Dilihat dari usianya beliau sudah tidak muda lagi, usia yang sudah senja bahkan sudah mendekati malam, Pak Eddy, 58 tahun, kesehariannya diisi dengan merawat istrinya yang sakit. Istrinya juga sudah tua. Mereka menikah sudah lebih dari 32 tahun. Mereka dikaruniai empat orang anak. Di sinilah awal cobaan menerpa. Setelah istrinya melahirkan anak keempat, tiba-tiba kakinya lumpuh dan tidak bisa digerakkan. Itu terjadi selama dua tahun, menginjak tahun ketiga seluruh tubuhnya menjadi lemah bahkan terasa tidak bertulang, lidahnya pun sudah tidak bisa digerakkan lagi.
Setiap hari Pak Eddy memandikan, membersihkan kotoran, menyuapi, dan mengangkat istrinya ke atas tempat tidur. Sebelum berangkat kerja dia letakkan istrinya di depan TV supaya istrinya tidak merasa kesepian. Walau istrinya tidak dapat bicara tapi dia selalu melihat istrinya tersenyum. Untunglah tempat usaha Pak Eddy tidak begitu jauh dari rumahnya, sehingga siang hari dia pulang untuk menyuapi istrinya makan siang. Sorenya dia pulang memandikan istrinya, mengganti pakaian dan selepas maghrib dia temani istrinya nonton televisi sambil menceritakan apa-apa saja yang dia alami seharian. Walaupun istrinya hanya bisa memandang tapi tidak bisa menanggapi, Pak Eddy sudah cukup senang bahkan dia selalu menggoda istrinya setiap berangkat tidur. Rutinitas ini dilakukan pak Eddy lebih kurang 25 tahun. Dengan sabar dia merawat istrinya bahkan sambil membesarkan keempat buah hati mereka. Sekarang anak-anak mereka sudah dewasa tinggal si bungsu yang masih kuliah.

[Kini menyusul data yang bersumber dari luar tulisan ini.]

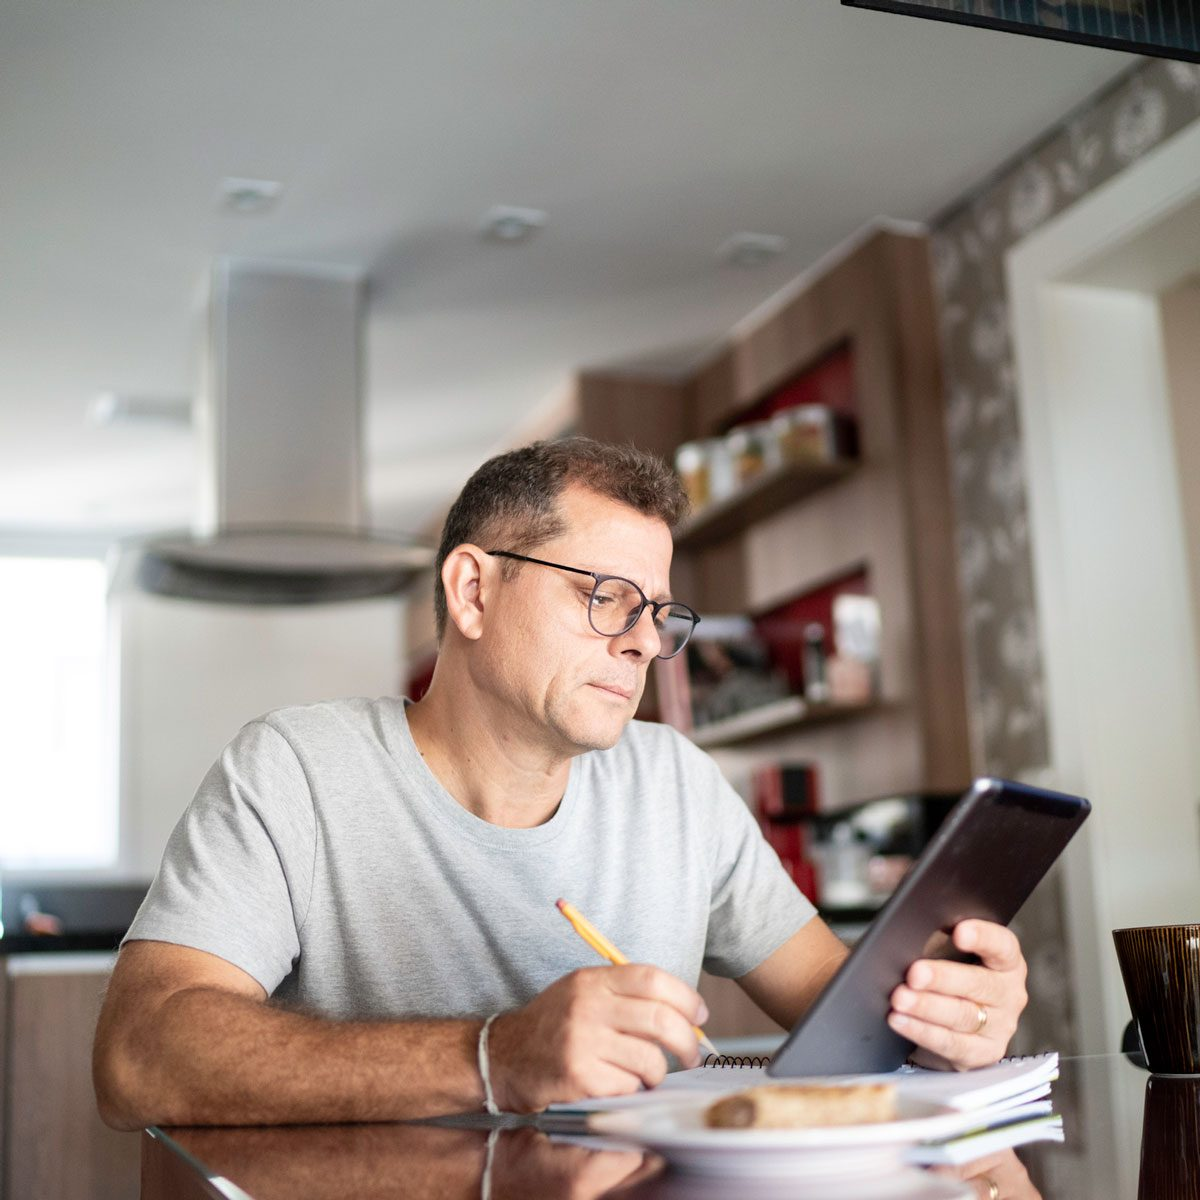 The Best Reddit Home Improvement Tips The Family Handyman

Pada suatu hari keempat anak Pak Eddy berkumpul di rumah orang tua mereka sambil menjenguk ibunya. Karena setelah anak mereka menikah sudah tinggal dengan keluarga masing-masing dan Pak Eddy memutuskan ibu mereka dia yang merawat, yang dia inginkan hanya satu, semua anaknya berhasil. Dengan kalimat yang cukup hati-hati anak yang sulung berkata, ”Pak kami ingin sekali merawat ibu. Semenjak kami kecil, kami melihat bapak merawat ibu, tidak ada sedikit pun keluhan keluar dari bibir bapak, bahkan bapak tidak ijinkan kami menjaga ibu.”
Dengan air mata berlinang anak itu melanjutkan kata-katanya, “Sudah yang keempat kalinya kami mengijinkan bapak menikah lagi, kami rasa ibu pun akan mengijinkannya. Kapan bapak menikmati masa tua bapak? Dengan berkorban seperti ini kami sudah tidak tega melihat bapak. Kami janji kami akan merawat ibu sebaik-baiknya secara bergantian.”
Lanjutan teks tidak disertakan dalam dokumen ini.